> [Prompt]: Reproduce, exactly, the lines of the material below from the line containing "Wiesbaden’s landmark, the" through the line containing "Mascot Borneo Polo", with both end lines included and nothing else.

> [Data provided]:
--

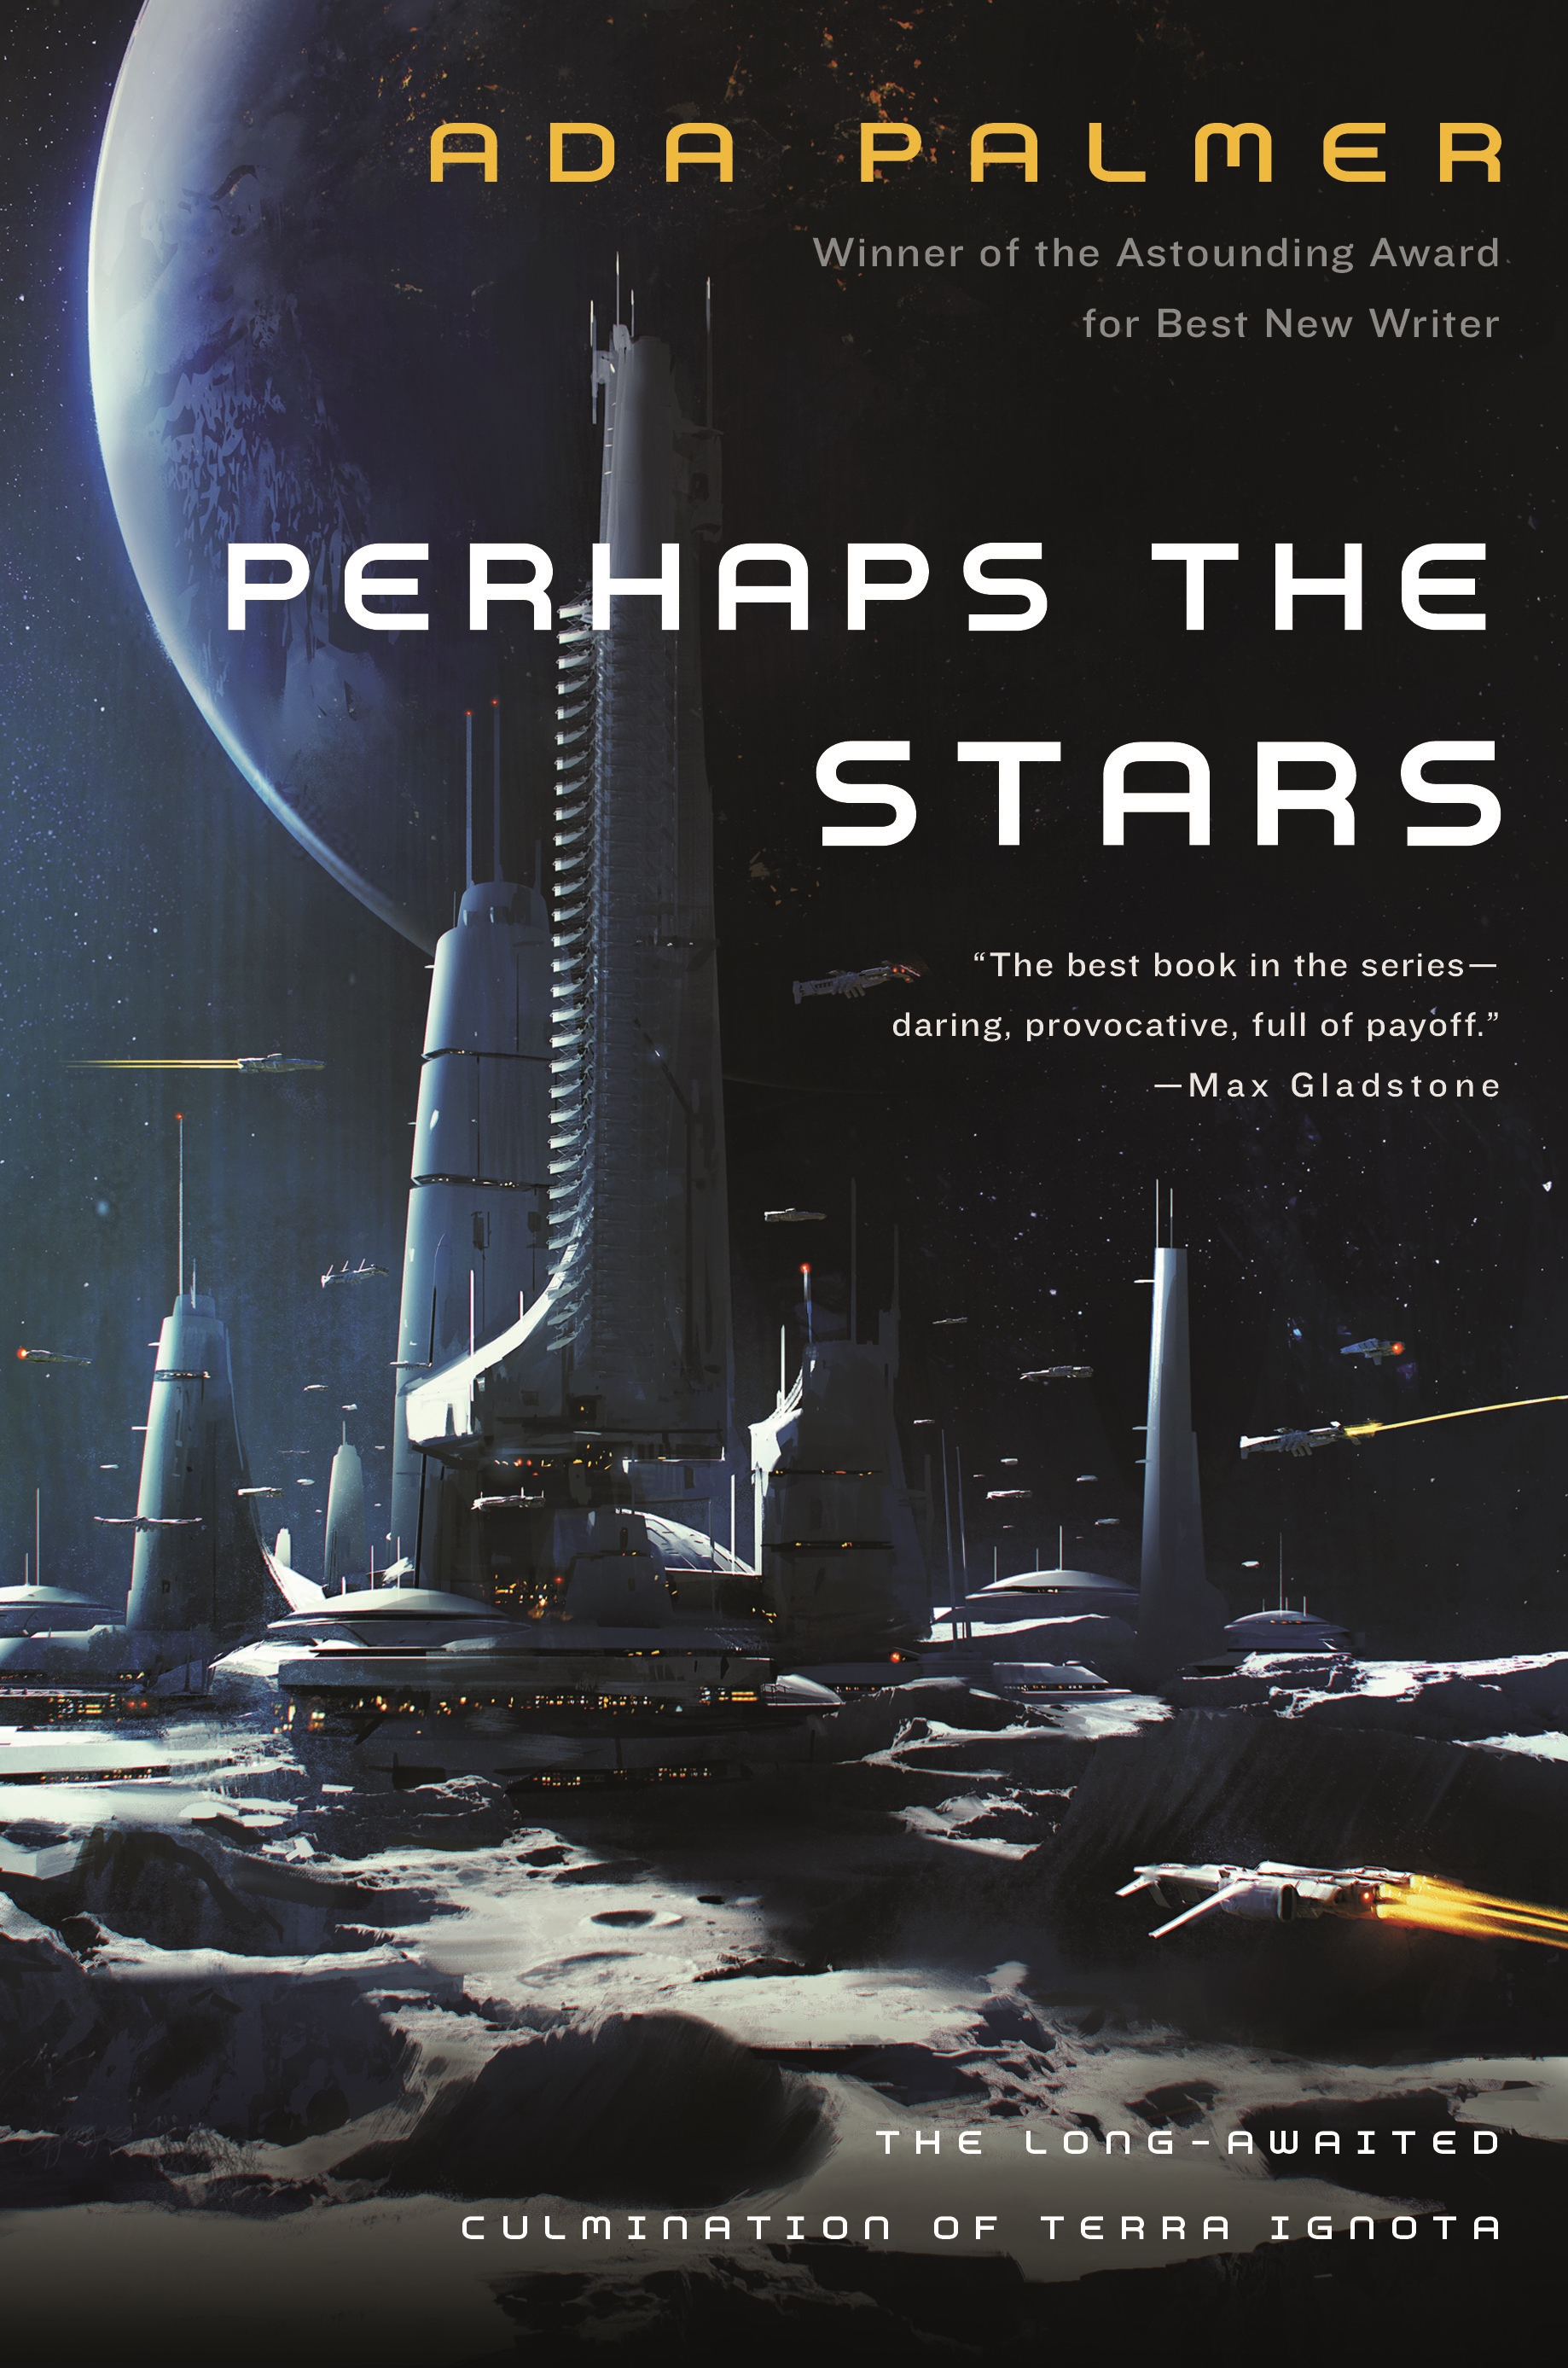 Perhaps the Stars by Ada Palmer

--

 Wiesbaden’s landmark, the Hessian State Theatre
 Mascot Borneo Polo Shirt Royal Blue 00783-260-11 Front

--

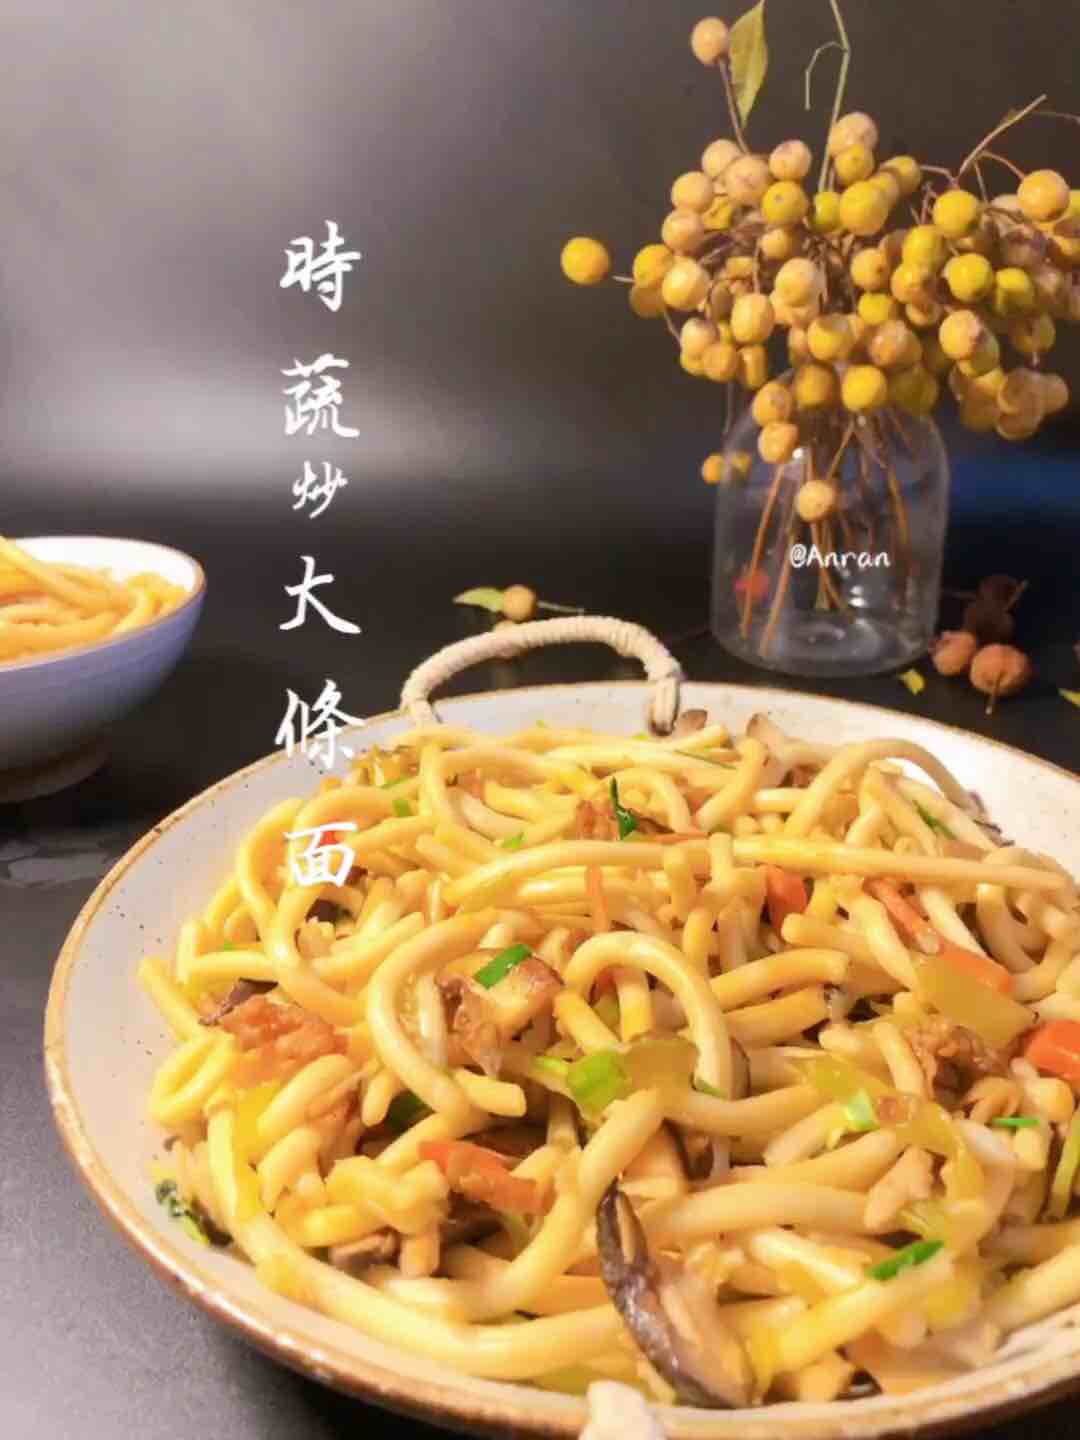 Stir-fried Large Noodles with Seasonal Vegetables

--

> [Answer space]:
 Wiesbaden’s landmark, the Hessian State Theatre
 Mascot Borneo Polo Shirt Royal Blue 00783-260-11 Front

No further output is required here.